Pero fue una victoria pequeña y patética, y en las salas de pase de lista y en los coches patrulla se escucharon términos muy duros para los dos agentes que, con un .38 ya en el suelo, habían permitido que el asesino de Buckman se entregara. Las palabras se tornaron todavía más duras después del juicio, del que el hombre salió con sólo un veredicto de asesinato en segundo grado y una sentencia que le permitiría obtener la libertad bajo fianza en poco más de diez años.
El asesinato de Buckman fue uno de los hitos, pero no el final del viaje. Siete años después, en una tienda de comida para llevar de Baltimore, el departamento tuvo que enfrentarse de nuevo a su futuro. Y, una vez más, Worden estuvo en la periferia de lo sucedido, contemplando con impotencia cómo otro policía, otro amigo, era sacrificado de un modo totalmente distinto.

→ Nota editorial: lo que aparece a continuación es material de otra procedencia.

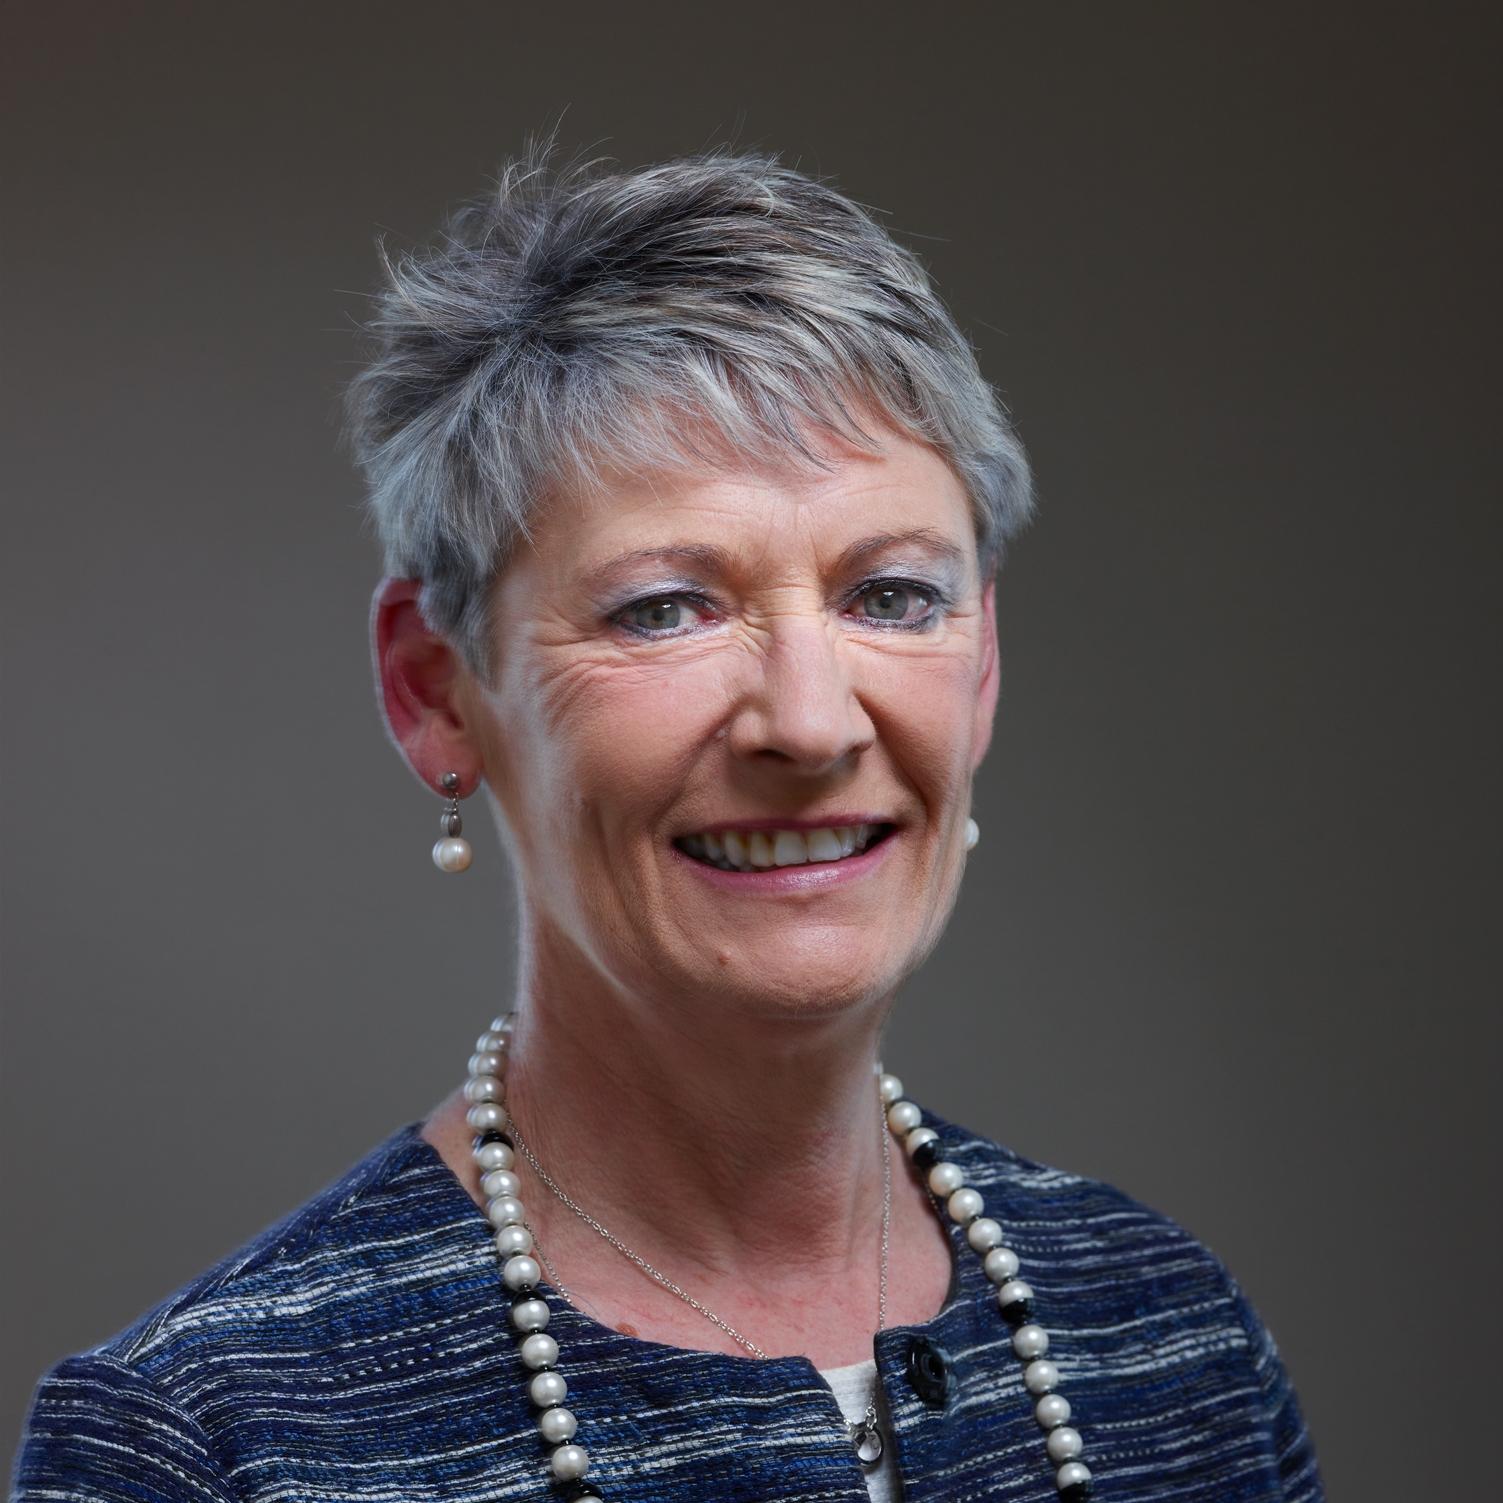 Carolyn Pillans

En marzo de 1980, la víctima fue un chico de diecisiete años con el imposible nombre de Ja-Wan McGee, y quien disparó, un inspector de treinta y tres años llamado Scotty McCown. McCown era un veterano con nueve años de experiencia que estaba entonces trabajando con Worden en la sección de robos del departamento de investigación criminal. Estaba fuera de servicio y de paisano en una tienda en la avenida Erdman, pidiendo una pizza, cuando McGee y otro chico entraron y fueron hacia el mostrador. McCown llevaba varios minutos observando a los adolescentes y había visto cómo se habían acercado varias veces al escaparate a mirar al interior de la tienda, aparentemente esperando algo. Cuando la mayoría de los clientes se hubieron marchado, entraron y se acercaron al mostrador. McCown llevaba cinco años trabajando como inspector en robos, y la escena le resultaba familiar. Es el momento, pensó, pasándose su pistola particular de la cartuchera al bolsillo de la gabardina.
Y cuando el brillo de algo plateado emergió del bolsillo del abrigo de Ja-Wan McGee frente al mostrador, McCown estaba más que preparado. Disparó tres veces sin previo aviso e hirió a McGee en la parte superior de la espalda. El inspector ordenó al otro adolescente que se quedara donde estaba y luego le gritó al dependiente que llamara a la policía y a una ambulancia. A continuación se inclinó sobre la víctima, que había caído de frente. En el suelo, junto al joven, había un encendedor plateado.
Los disparos a Ja-Wan McGee sucedieron sólo semanas después de que otro tiroteo sospechoso hubiera provocado disturbios en Miami. Cuando los piquetes empezaron a rodear el Ayuntamiento, todo el mundo en el departamento supo lo que iba a suceder. Todo el mundo menos Scotty McCown.